The LCD Bezel Battles Rage On, But Why?
May 3, 2016 by Dave Haynes
Digital signage display manufacturers have been in a pitched battle for years over whose product has the skinniest bezels, ands therefore the least discernible seams in video walls.
First, we had narrow bezel. Then super narrow. And ultra narrow bezel. One manufacturer even, apparently with a straight face, now has super ultra narrow bezels. Which logically means the next generation will be super-duper crazy-ultra narrow bezels.
There was a time – and a fairly long stretch of time at that – when the bezels, or frames, around LCD flat panel displays were as wide as picture frames. When they were joined together to make larger visuals as video walls, the results were both impressive in scale and awful in aesthetics. You see the remnants of those ideas still, in airports due for renos, pokey shopping malls and half-empty sports bars. They’re stocked with old video walls with big, thick gridlines that break up the visuals so badly it’s anything but a treat to watch.
These days, we’re down to almost minimal bezel gaps – a matter of a few millimeters – on the premium products of the display manufacturers. It’s enough to reasonably to wonder if the industry a reached the point of diminishing returns? Does getting any skinnier matter, or is the continuing battle just an outlet for something, anything, to pitch to buyers, when the other specs on display panels all look pretty much the same?
Why bezels are so hard to kill
“Bezel” is a term borrowed from the diamond industry. In that business, it refers to a cut on a gem that allows it to be held in place. That’s pretty much what a bezel is doing with the delicate, precious liquid crystal displays – structurally held together and supported by a surrounding frame. The LCD cell is not more than a ribbon-cabled section of film. Something rigid – metal or plastic or another material – needs to maintain the shape and structural integrity of that LCD.
That’s what the bezel is all about. It’s essentially the picture frame. There’s also a bezel because the liquid crystal cell that makes up display doesn’t go right to the edges of the film, or layer. There’s a border.
As flat panel prices have dropped in recent years and LED has supplanted skinny fluorescent tubes as the backlights for displays, that’s allowed panels to get thinner and lighter, and pushed the boundaries on what was needed to serve as the frame.
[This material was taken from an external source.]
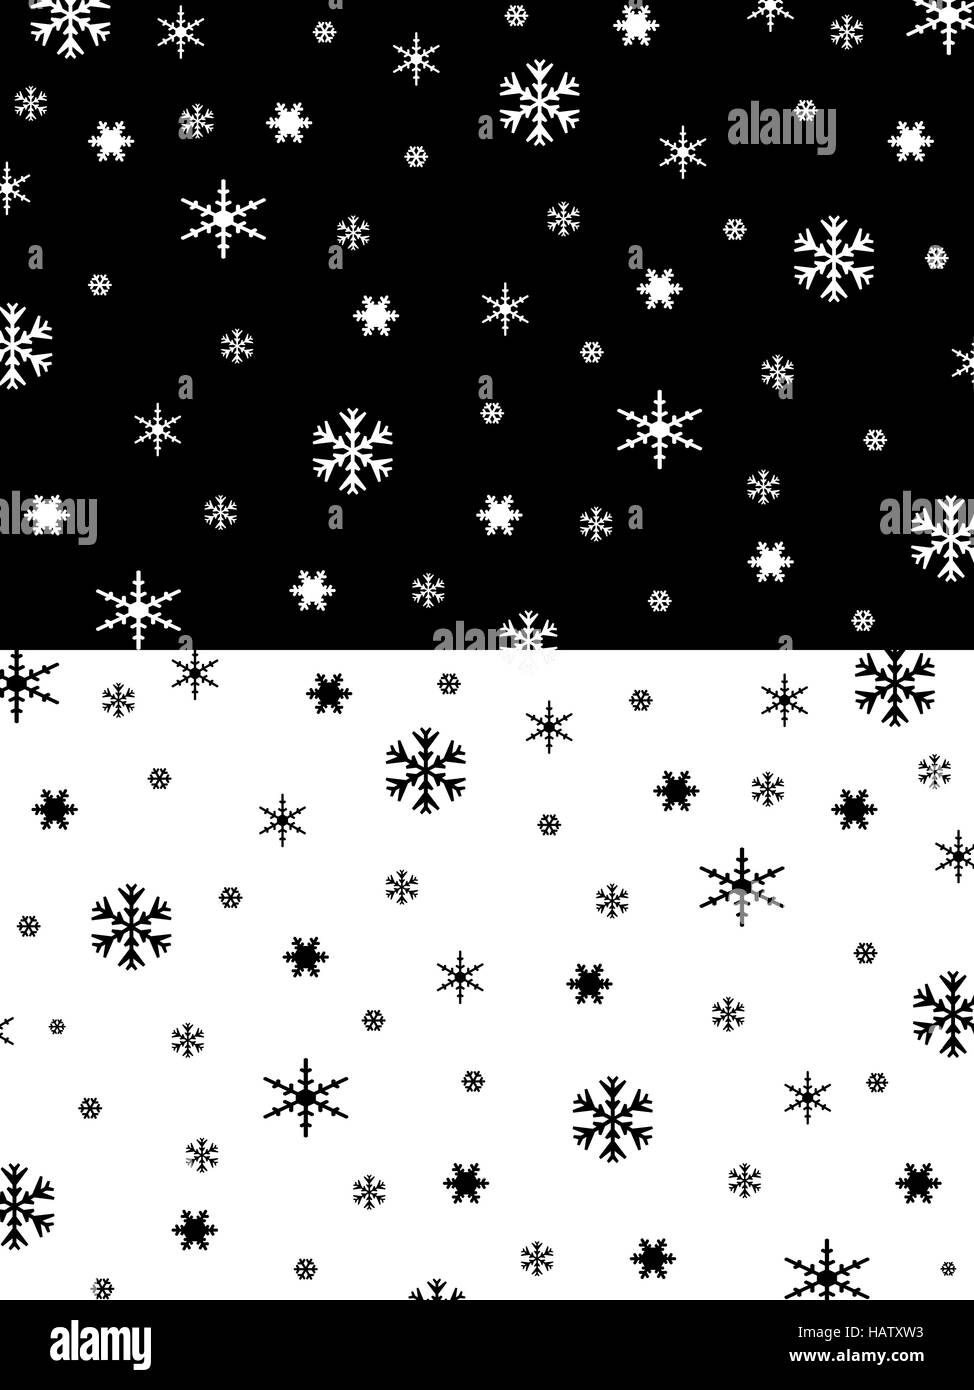 Schneeflockentextur schwarz/weiß Stock Photo

There’s no particular need to have thick bezels anymore, other than for aesthetic design for panels not designed to joined in clusters.
What about “zero bezel?”
It’s not likely we’ll ever see a genuinely bezel-free LCD panel, but we’ll definitely hear and read lots of announcements that push on that statement. I remember a few press releases through the years that have called video wall products seamless, or “virtually” seamless.
At CES at the start of this year, Samsung announced a “bezel-less” 4K quantum dot TV. But observers said the unit did indeed have bezels – it’s just that Samsung dubbed them frames. So … go figure that one out.
Samsung does lay claim, probably, to “the world’s thinnest bezel-to-bezel video wall” – with bezels measuring 0.9 mm on the upper and left side, and 0.5 mm on the lower and right side. I saw that at ISE in February and it was very, very nice (that’s a close-up above).
I confirmed with an industry contact his company is continuing wok to shrink bezels down even further, though he added they can’t get a whole lot smaller.
But the question remains? Is there still a visual problem with seams, or do the video wall products of the major manufacturers now have product that results in hairline seams only industry people will really notice or care about. You can still see the seams, but …
Indoor LED, aka direct view LED, displays are high resolution walls that are starting to look as good, from a short distance back, as LCD video walls. And the LEDs have no evident seams. They’re starting to reasonably compete on visual appeal, but what’s holding back adoption is the much higher cost per square foot of that tech.
That will change, as all tech invariably drops down in pricing. That indoor LED threat might be what pushes LCD panel makers to continue on with the bezel wars. They need to stay ahead of the LED competition.